> Assignment: Beginning with the line that holds "Tác giả Trần Thị Hường (Vuasanca" and finishing with the line that holds "dương năm 2022", repeat the listing exactly, leaving every picture out.

> Information shown:
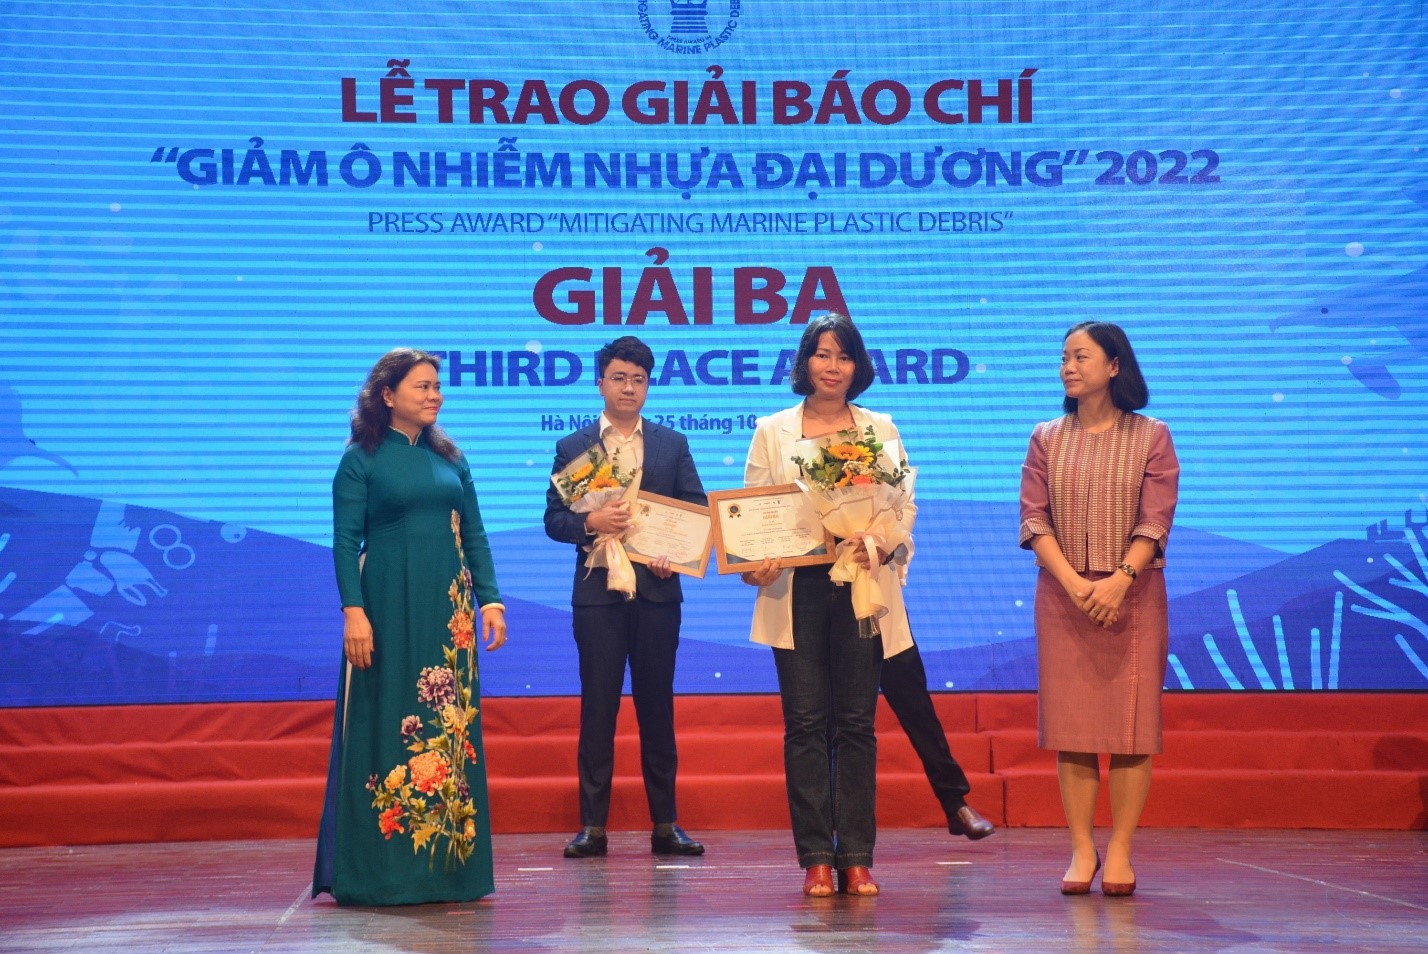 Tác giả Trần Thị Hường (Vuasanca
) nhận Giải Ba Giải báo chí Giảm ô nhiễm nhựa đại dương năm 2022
==
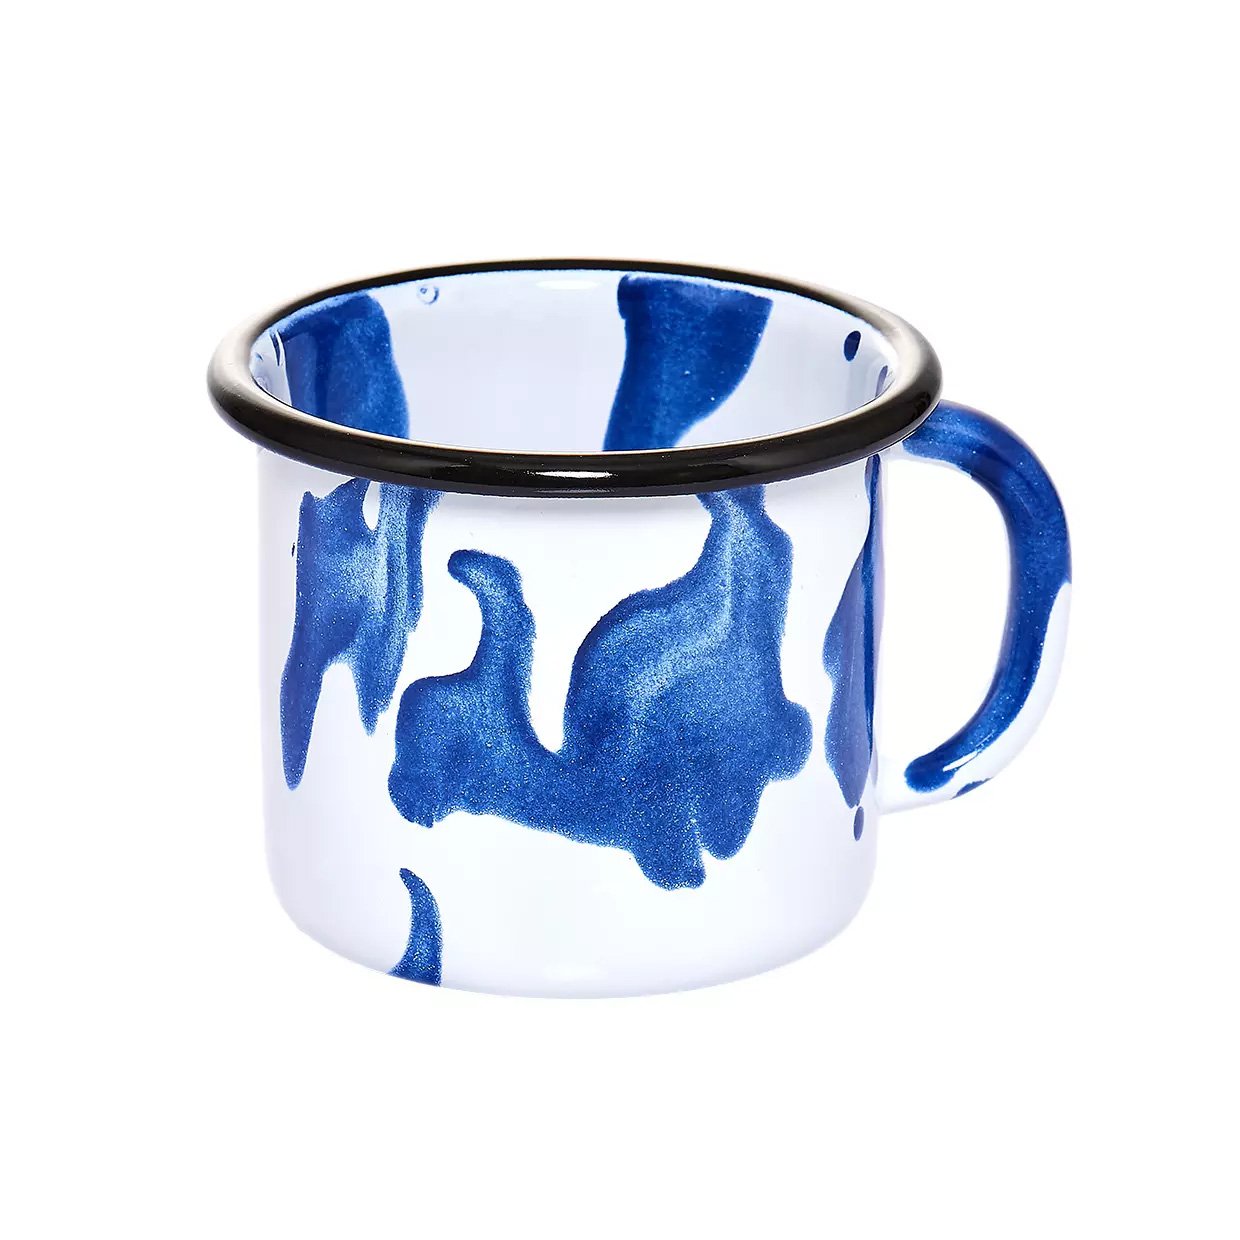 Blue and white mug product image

> Your response:
 Tác giả Trần Thị Hường (Vuasanca
) nhận Giải Ba Giải báo chí Giảm ô nhiễm nhựa đại dương năm 2022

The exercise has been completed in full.